Custom solutions delivered at pandemic pace
The team describes how they differentiate themselves by offering high-touch, client-centric solutions. “One of our principal advantages is our expertise and customer-first culture. We have a team with the knowledge and experience that is prepared to listen to our clients’ supply chain challenges, educate them on relevant solutions, and execute on plans,” says Echithran.
“Scotiabank’s international network is also a tremendous advantage to our clients. We have a strong footprint in North America, as well as teams in Asia and Europe, which are some of Canada’s major trading partners,” notes Guruge. “We can thoroughly service our clients, including managing cross-border counterparty risk, in locations that matter to them.”
The Scotiabank team has supported all types of clients through the pandemic, including an original equipment manufacturer, with operations across North and Latin America. When the manufacturer’s suppliers sought better credit terms, the Scotiabank team leveraged its unique Americas footprint to support the company’s suppliers, with minimal impact to the company’s own working capital.
Advice for the ‘new normal’
After months of supply chain tumult, many businesses want to know when will things return to normal. There’s no simple answer, opines Guruge: “Many businesses have learned from the challenges of the past two years, and put plans in place to minimize further disruption. However, it will take some time to clear up the backlog and reach more normalized conditions.”
At the same time, the team suggests that a ‘new normal’ may unfold. As some companies shift away from ‘just-in-time’ supply and production mindsets, they are trying to secure their supply chains by buying as much stock as possible in advance to get ahead of customer demand. For some, that means embracing local or regional supply chains to reduce offshore dependencies. However, such strategic supply chain decisions take time to implement.

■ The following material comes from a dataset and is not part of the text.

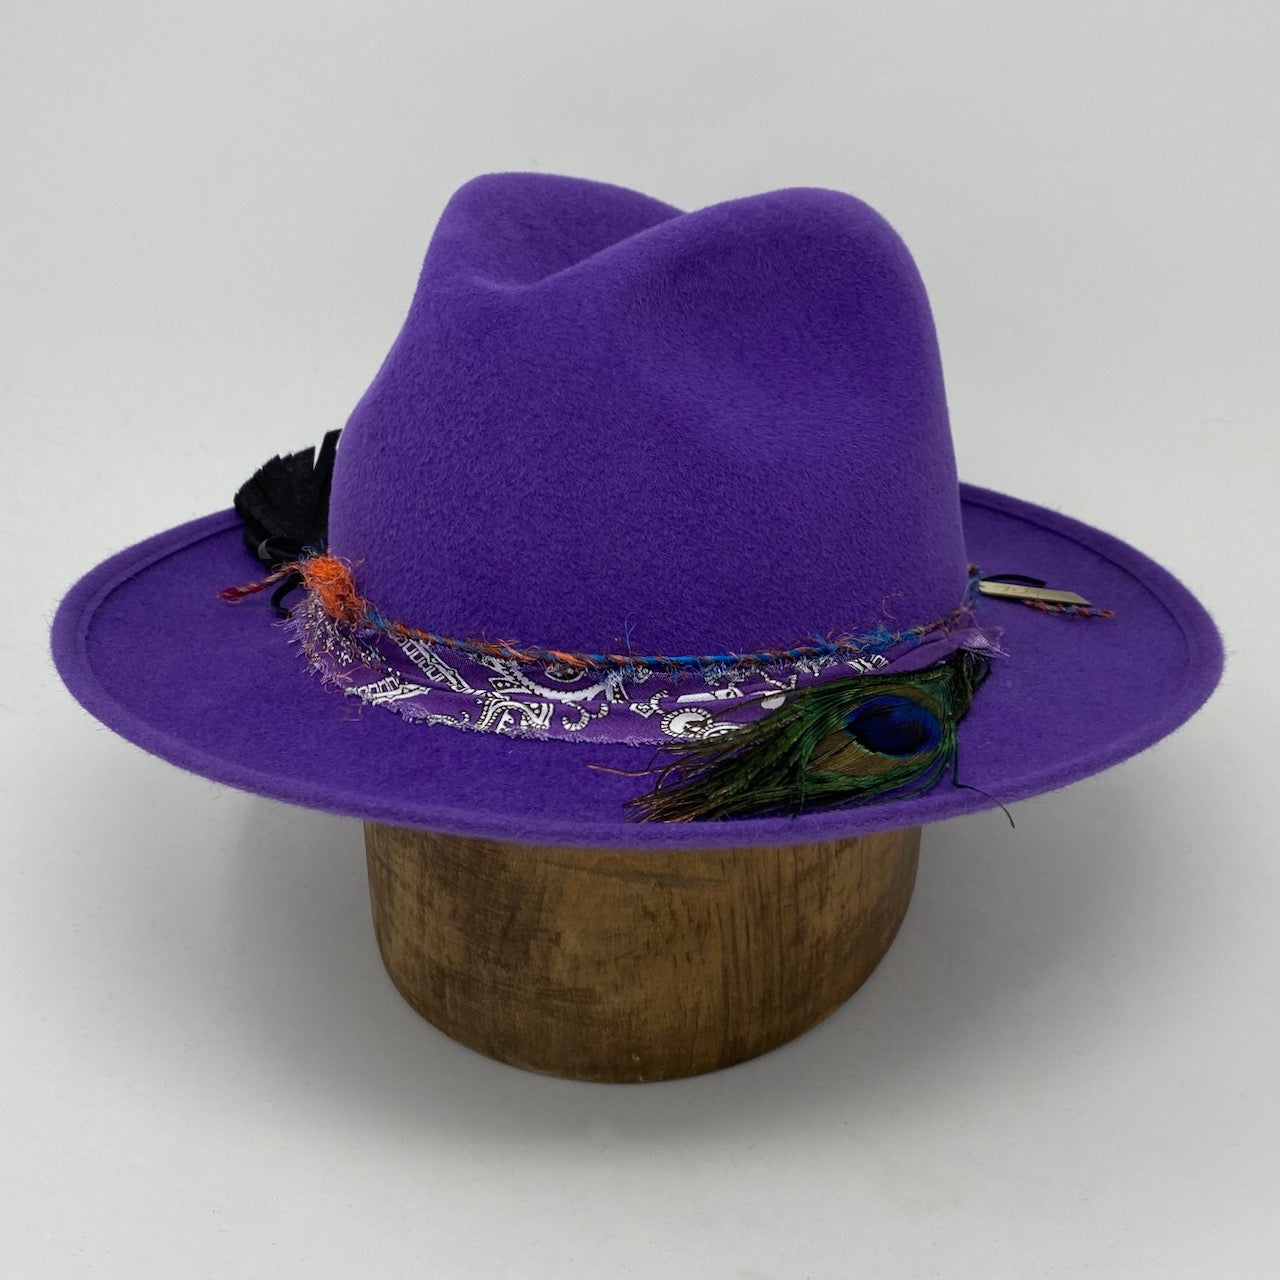 "Vibrant Electric" - The Gord Downie 'Away Is Mine' Collection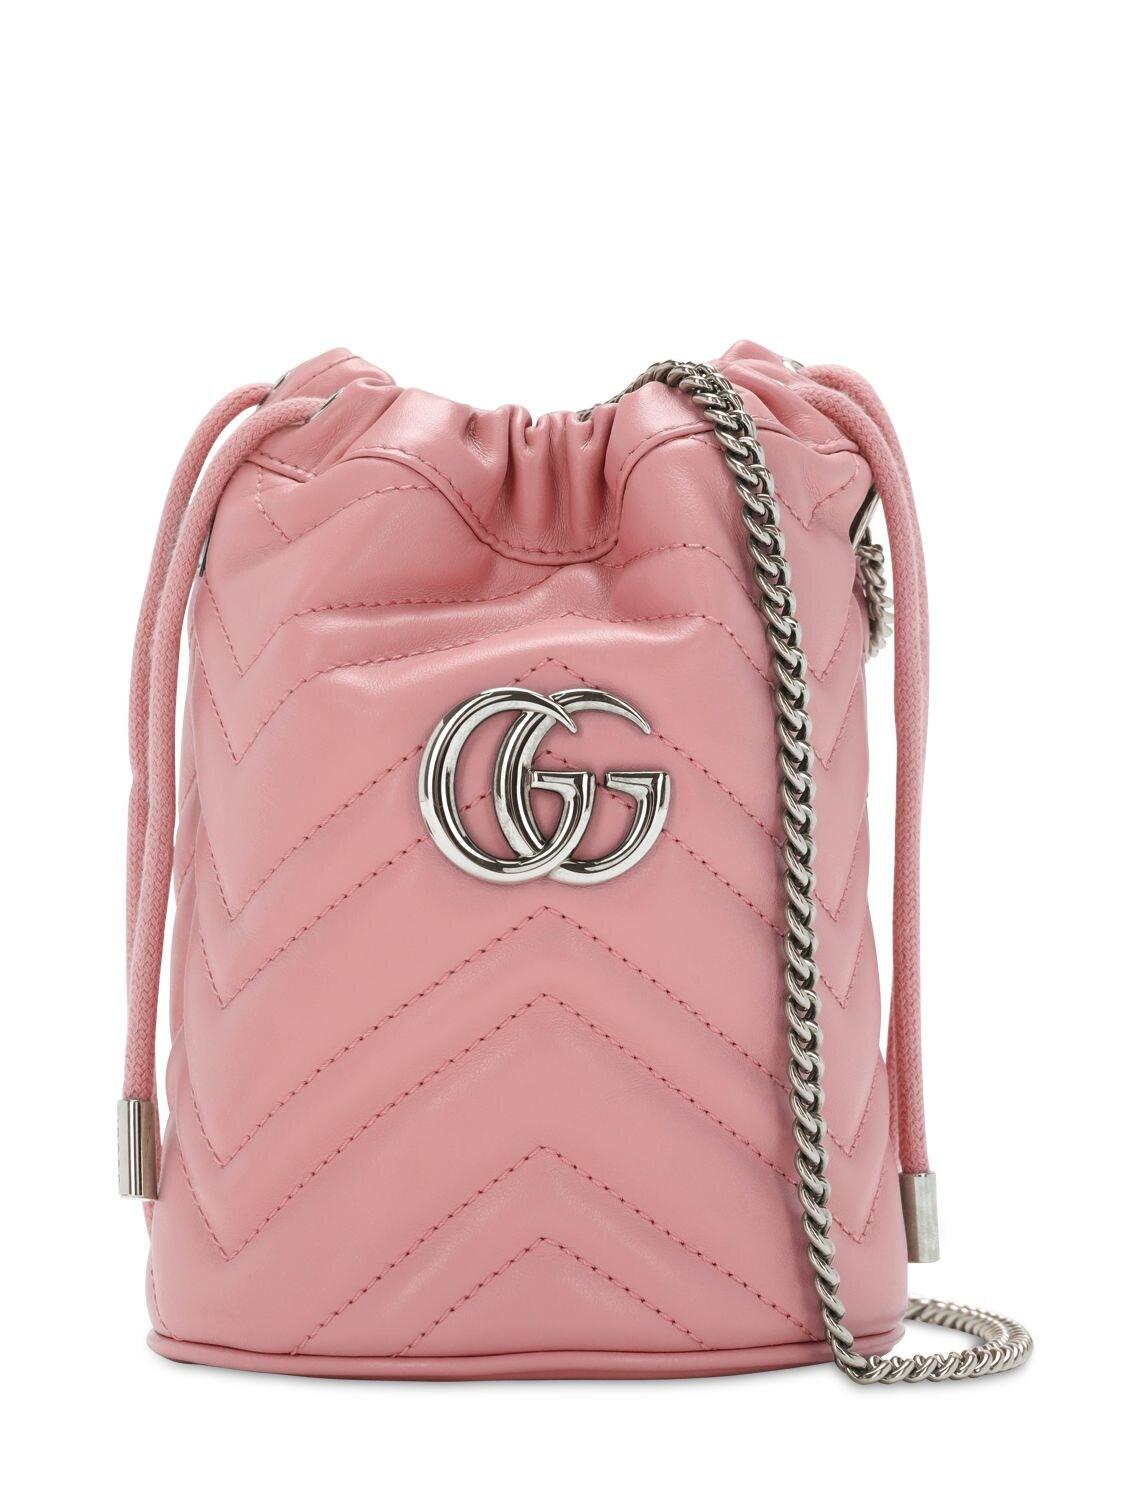 Gucci Mini Gg Marmont 2.0 Leather Bucket Bag in Pink - Lyst

“I think in the ‘new normal,’ companies are getting more innovative in the way they do things, to make both their goods and payments supply chains faster and more flexible, including less paper and more electronic tools to minimize future disruptions,” says Echithran.
In light of the supply chain issues crisis, he urges companies to put a greater emphasis on risk management by asking themselves questions like, “If this happens, would there be a direct or indirect impact on us?” and “What contingency plans can we make before it happens?”
Mardikar also recommends that companies take a proactive approach: “If you’re a company that deals internationally, you are exposed to geopolitical risk, and that’s something you should not ignore. At least once per quarter, you should discuss with your banker, ‘Is there any way I can optimize how I run my business right now?’ Don’t wait for your banker to sell you something. Instead, ask them ‘Is there something else I should be considering; is there a better product, rate, or solution to protect my supply chain, for the challenges I face, or the new market I want to enter?’”
Concludes Vaidyanathan: “We are impressed by the resiliency our clients have shown and their openness to new ways of doing things, including supply chain finance solutions. We’re proud to deliver ways to strengthen their supply chain relationships, diversify their working capital funding, and create liquidity, so they can become more efficient and invest in other parts of their business for the future.”